INGREDIENTS

  • 1/2 tsp cumin seeds
  • 180ml light olive oil or vegetable oil
  • 2 large onions, sliced
  • 2 red and 2 yellow peppers, cut into 2cm strips
  • 4 tsp muscovado sugar
  • 2 bay leaves
  • 6 thyme springs, leaves picked and chopped
  • 2 tbsp chopped parsley
  • 2 tbs chopped coriander, plus extra to garnish
  • 6 ripe tomatoes, roughly chopped
  • 1/2 tsp saffron threads
  • pinch of cayenne pepper
  • up to 250ml water
  • 8 free-range eggs
  • salt and black pepper

METHOD

  1. In a very large pan dry-roast the cumin seeds on a high heat for 2 minutes. Add the oil and onions and saute for 5 minutes. Add the peppers, sugar and herbs and continue cooking on a high heat for 5-10 minutes to get a nice colour.

  2. Add the tomatoes, saffron, cayenne and some salt and pepper. Reduce the heat to low and cook for 15 minutes. During the cooking keep adding water so that the mix has a pasta sauce consistency. Taste and adjust the seasoning. It should be potent and flavoursome. (You can prepare this mix well in advance.)
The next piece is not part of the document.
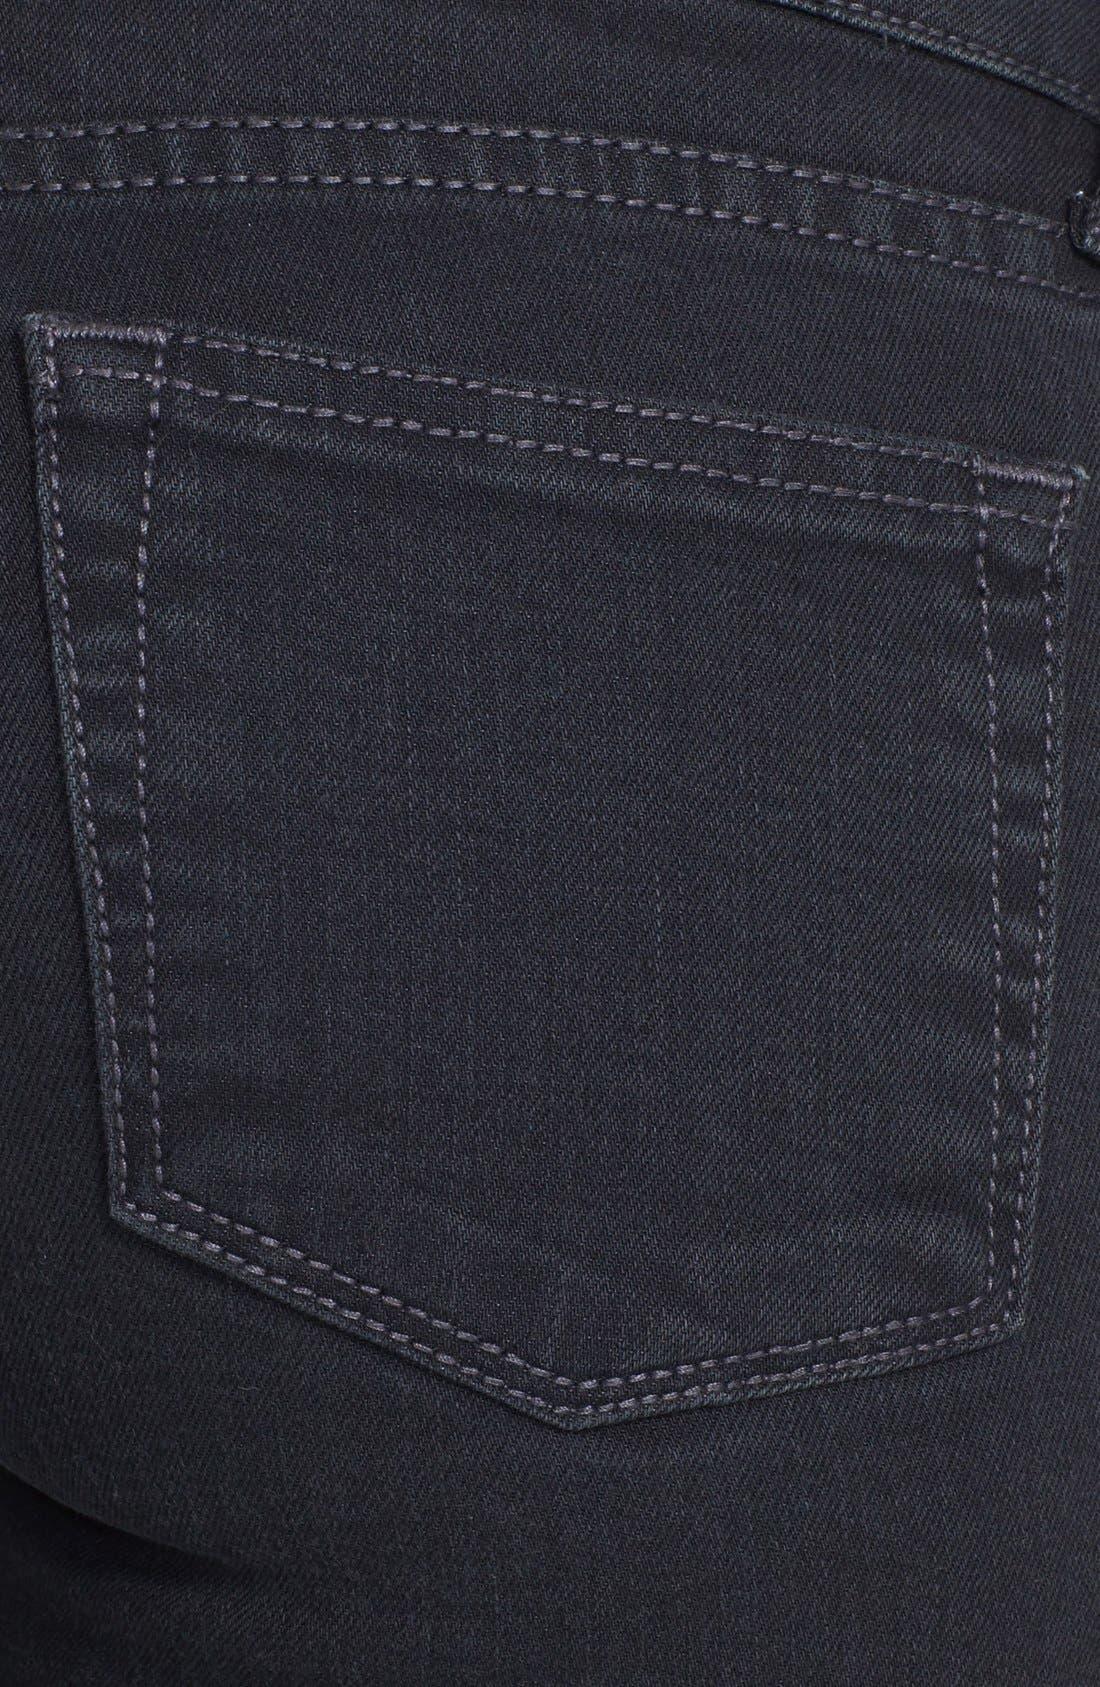 Alternate Image 3  - KUT from the Kloth 'Elle' Skinny Jeans (Interest)

  3. Remove the bay leaves, then divide the pepper mix among four deep frying pans, each large enough to take a generous individual portion. Place them on a medium heat to warm up, then make two gaps in the pepper mix in each pan and carefully break an egg into each gap. Sprinkle with salt and cover the pans with lids. Cook on a very (!) gentle heat for 10-12 minutes, or until the eggs are just set. Sprinkle with coriander and serve.